Bots

A friend pointed me at a Scientific American article today, titled “Baffling the Bots“. Its a fun read, I suppose. It sort-of credits Yahoo as having pioneered this stuff in 2000. But we totally did this at Remarq in 1998/1999.

The reason we had to do it was because we had tons of images on our site, and people were sending bots to go find them all. This ate up a fair amount of bandwidth. So, we just required users to type in the number in the picture before they could view pictures, and they had to redo this every 50 pictures or so. Interestingly, we just displayed a simple 3 digit number. The implementation was cheap – we pre-generated the numbers and actually only ever displayed about 50 different numbers. As far as we knew, though, it worked 🙂

RSS Book

I just finished reading the O’Reilly RSS book by Ben Hammersley. Its a decent book. Published in March of this year, so its pretty up to date. I have to admit its got me excited about RSS modules.

As I mentioned before, who wants to read this?

I do have an interesting application. I want to sell stuff. I want people to read my forsale items via my RSS feed. Why? Because I want Google and all the other search engines to help me disseminate my goods. I don’t want to pay Ebay 2% and then pay another 2.5% to Paypal (oh wait, thats ebay too, isn’t it?). Why can’t we all just share this info via RSS? Indexers and robots of the world can parse it out and become our delivery vehicle.

Are Weblogs the same as usenet?

Usenet never fully grabbed me. I was what they called a ‘lurker’. I would read some things, but never got too involved in any groups. That was the status of most of us out there. As I read more blogs and get to know them better, I realize that its the same application, with a new face. The question really is, whats the difference between Usenet and Blogs? The technology is a little different, but the concept is very similar.

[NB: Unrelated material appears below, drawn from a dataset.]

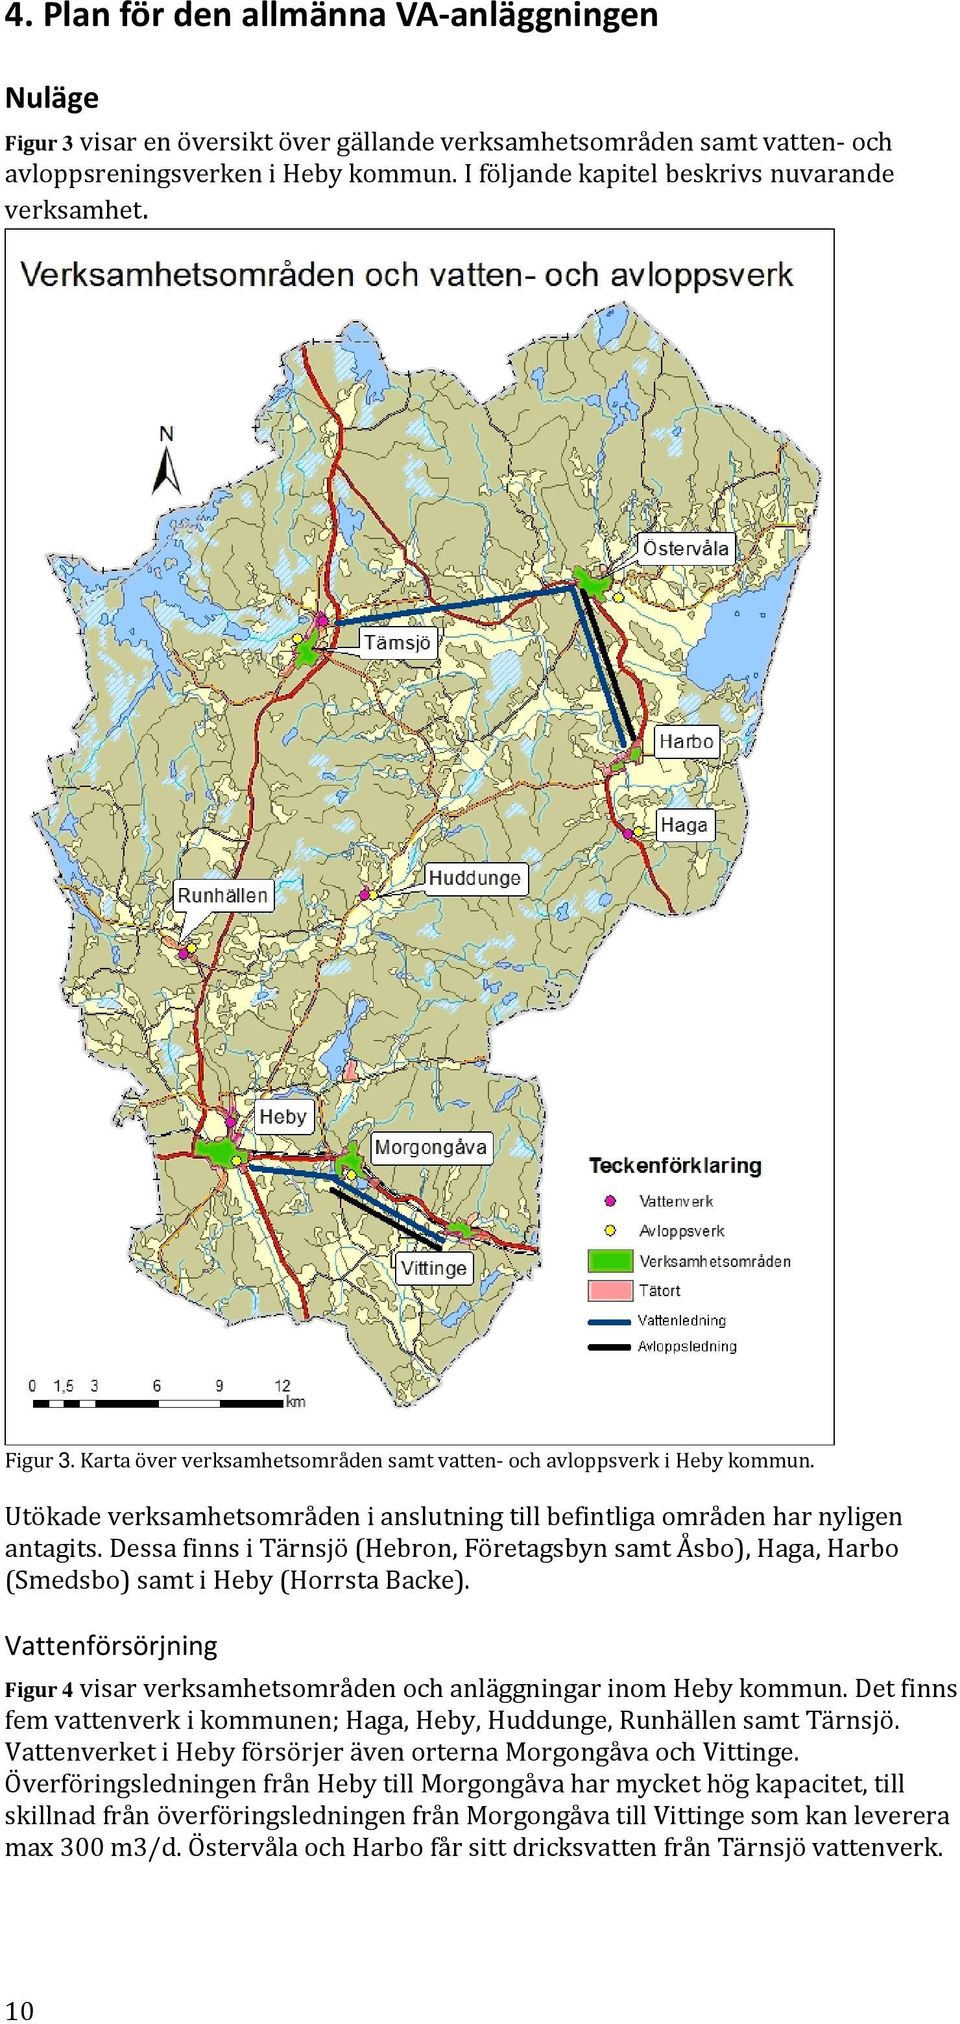 Utökade verksamhetsområden i anslutning till befintliga områden har nyligen antagits. Dessa finns i Tärnsjö (Hebron, Företagsbyn samt Åsbo), Haga, Harbo (Smedsbo) samt i Heby (Horrsta Backe).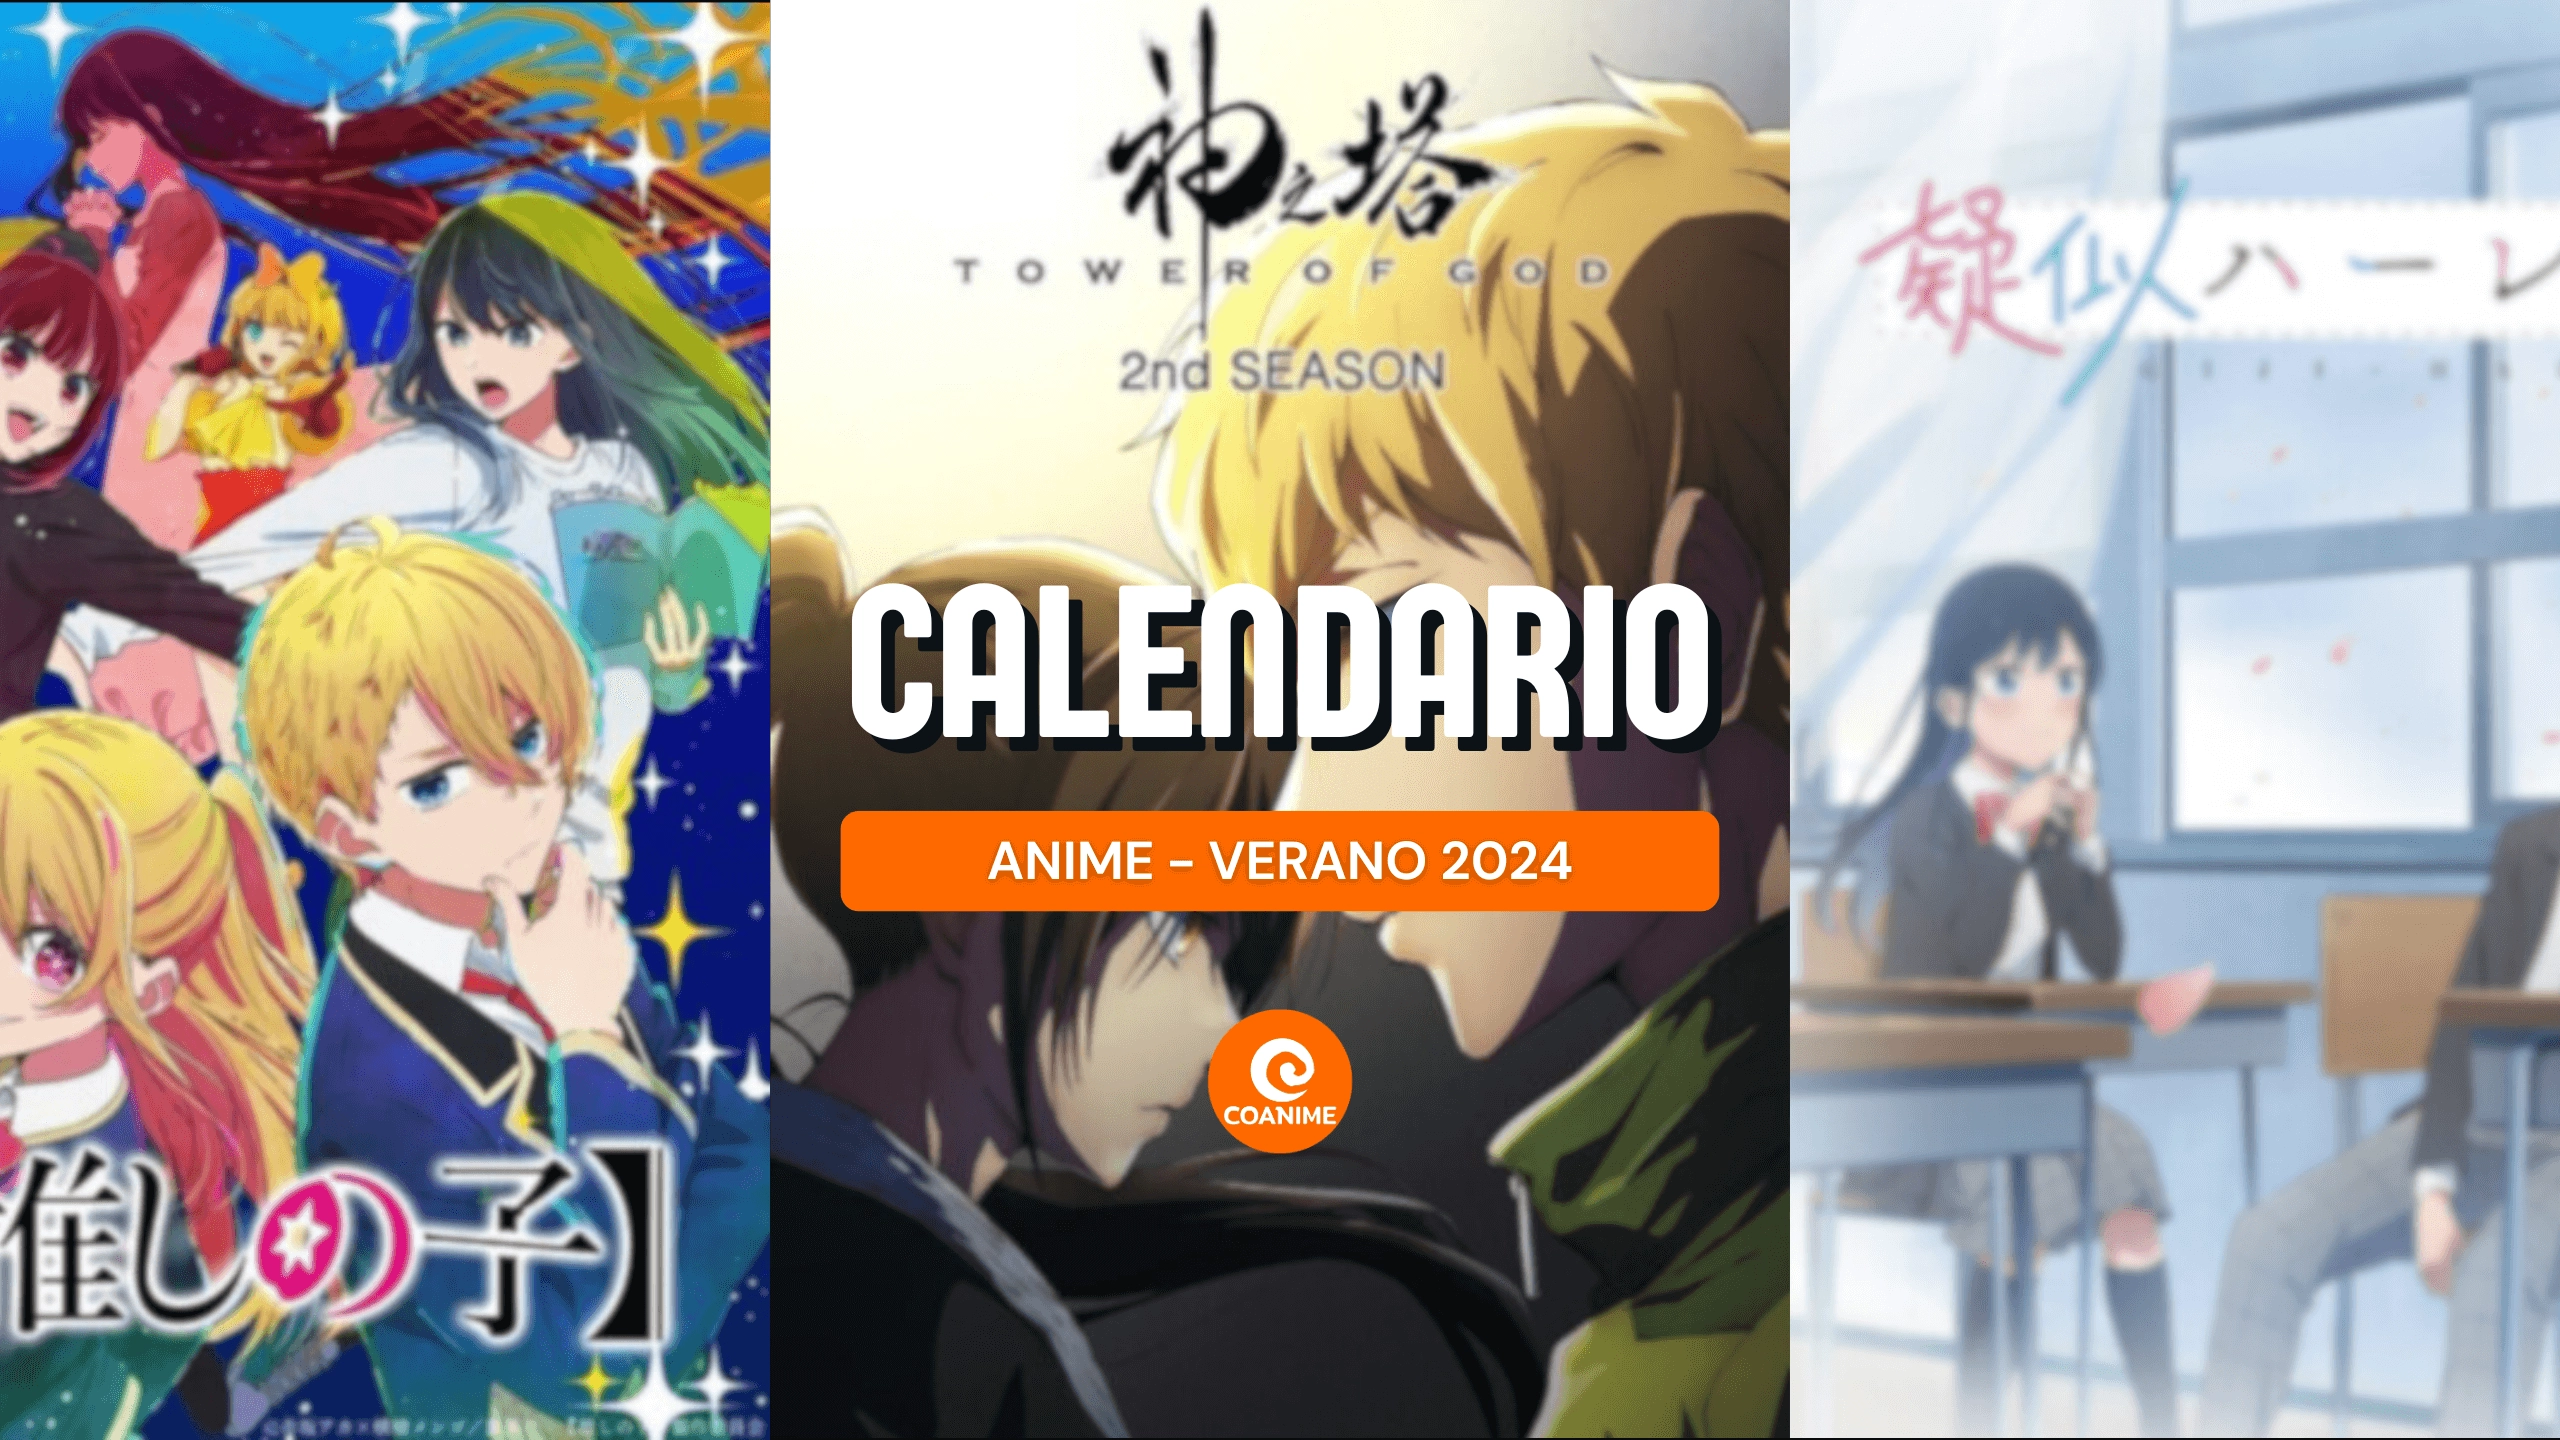 Calendario de estrenos de animes — Verano 2024 - Coanime.net

Right now, I’m writing to my own moderated newsgroup called alt.belshe.mike. I’ve set it up so that only I can create new threads, and anyone can follow up my threads. And, of course, every Joe in the universe may want to create his own alt.focker.joe newsgroup so he can control his own corner of the web too.

From the User’s perspective
From the user’s perspective, usenet and blogs are pretty similar. Blogs is a little more ‘open’ than usenet was, in that anyone can create a new group or start cross-linking to another group. Usenet was more closed in that there was a process for creating new groups. Weblogs are also a bit more “free” in that users can post whatever they want to. Usenet newbies in the 90’s were often scolded for putting that awful-HTML stuff into usenet posts. There are no references to “Netiquette” when you start to write your own blog.

But these are a little different too. Usenet had the problem of many-to-many authorship. This meant that each group could have many authors. Sure, you can do this in blogs, but it isn’t really common practice. Blogs take the approach of each user being more of a broadcaster or publisher. I create the topics, you read them.

Technology
Usenet was a distributed system. Each server decided which newsgroups to pick up and disseminate. Each server could be an origin server for a post, so each server had the capability to create a unique ID for a post (e.g. the Message-id header). Each server then pushed its content to its peer servers at some interval as setup by the system administrator. Thus, each posting made it to many servers around the globe – distribution.

A Blog is not a distributed system by itself. Its just a posting of my content, whatever I want, in whatever format I want it to be in. I can link to other blogs, and other blogs can link to mine, but its still not distributed. There is only one copy of my content anywhere. However, the interesting part is that aggregation and search technologies are starting to emerge which create the ‘distributed’ part of blogs. Imagine a world where everyone has their own blog crawler roaming around the net finding interesting blogs. In essence, you’ve created a polling-based distributed system.

Its interesting. If I were setting out to design a distributed system, a polling based system is not one I would create. But is that where this stuff is headed? The web already works this way, more or less. You can post HTML content on the web, and then how is it found? Well, you get linked into a well known place like dmoz and wait, or you manually submit your site to a bunch of robots. Then these robots come and crawl your site. In my own little world, I find that robots hit my site more than people do. All so that if someone might *want* to find my site, they will find it when they search for it.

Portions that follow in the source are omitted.